The moire tool introduces a new metric called effective MOI, which adjusts for within-host relatedness. A detailed description of this metric and how to interpret it can be found here.

effective_coi_summary <- moire::summarize_effective_coi(mcmc_results)

head(effective_coi_summary) |>
  kable() |>
  kable_styling(bootstrap_options = c("striped", "hover", "condensed"))

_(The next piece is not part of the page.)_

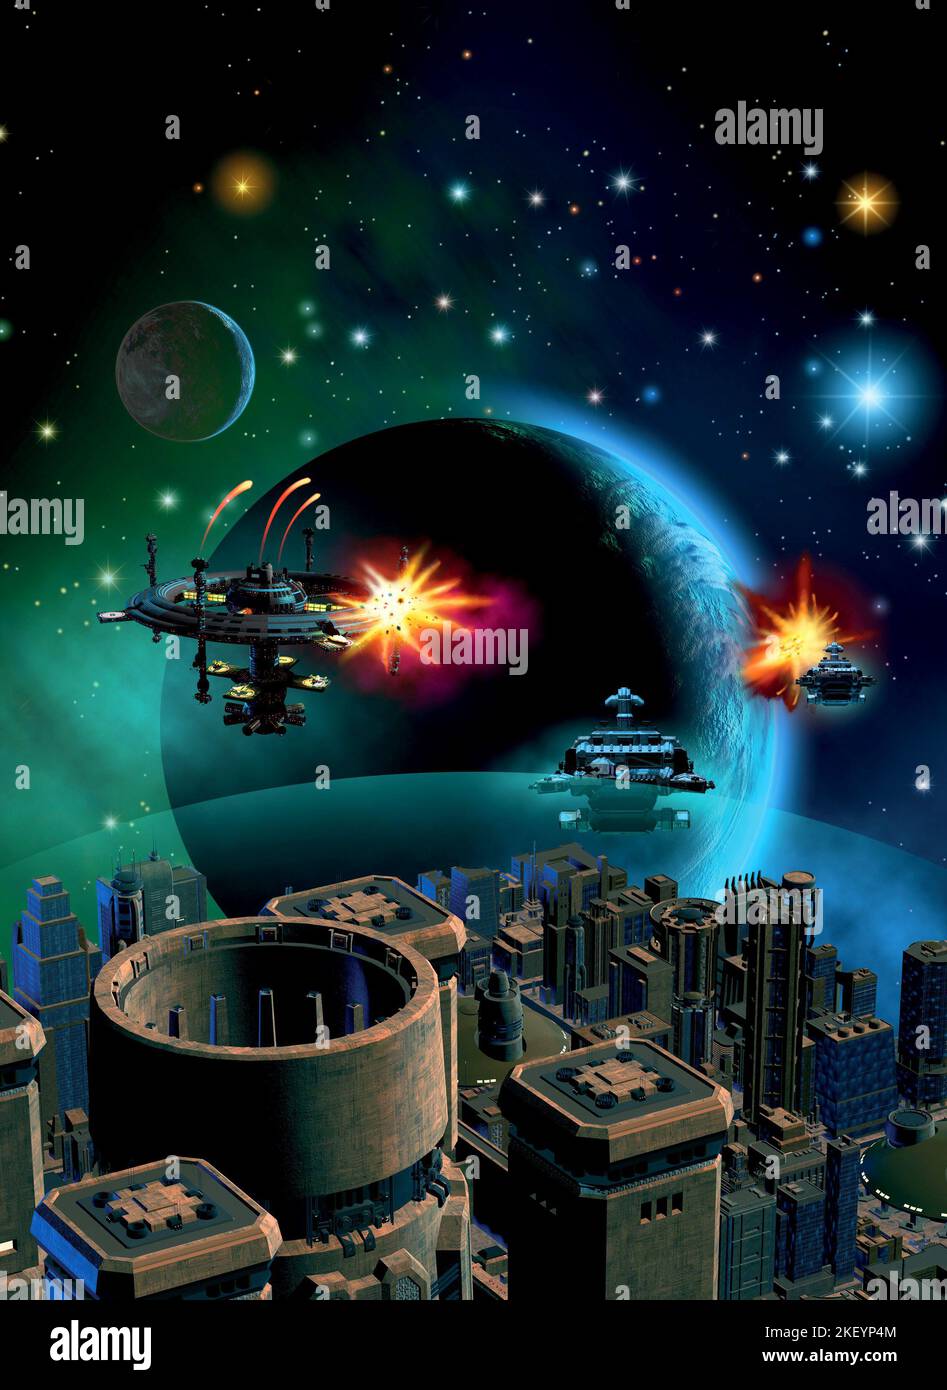 batalla espacial alrededor de un planeta alienígena, estación espacial, ilustración 3d Foto de stock

sample_id	post_effective_coi_lower	post_effective_coi_med	post_effective_coi_upper	post_effective_coi_mean
QG0182-C	1	1	1.000000	1.000000
QG0183-C	1	1	1.796385	1.057058
QG0184-C	1	1	1.000000	1.000012
QG0185-C	1	1	1.000000	1.000032
QG0186-C	1	1	1.078041	1.008387
QG0187-C	1	1	1.000000	1.000000

Summary

In summary, moire estimates allele frequencies, MOI, and within-host relatedness. We have shown how to generate basic results from a VCF. MOIRE has extensive documentation, including more details on other functionality available within the tool and a tutorial validating the outputs using simulated data.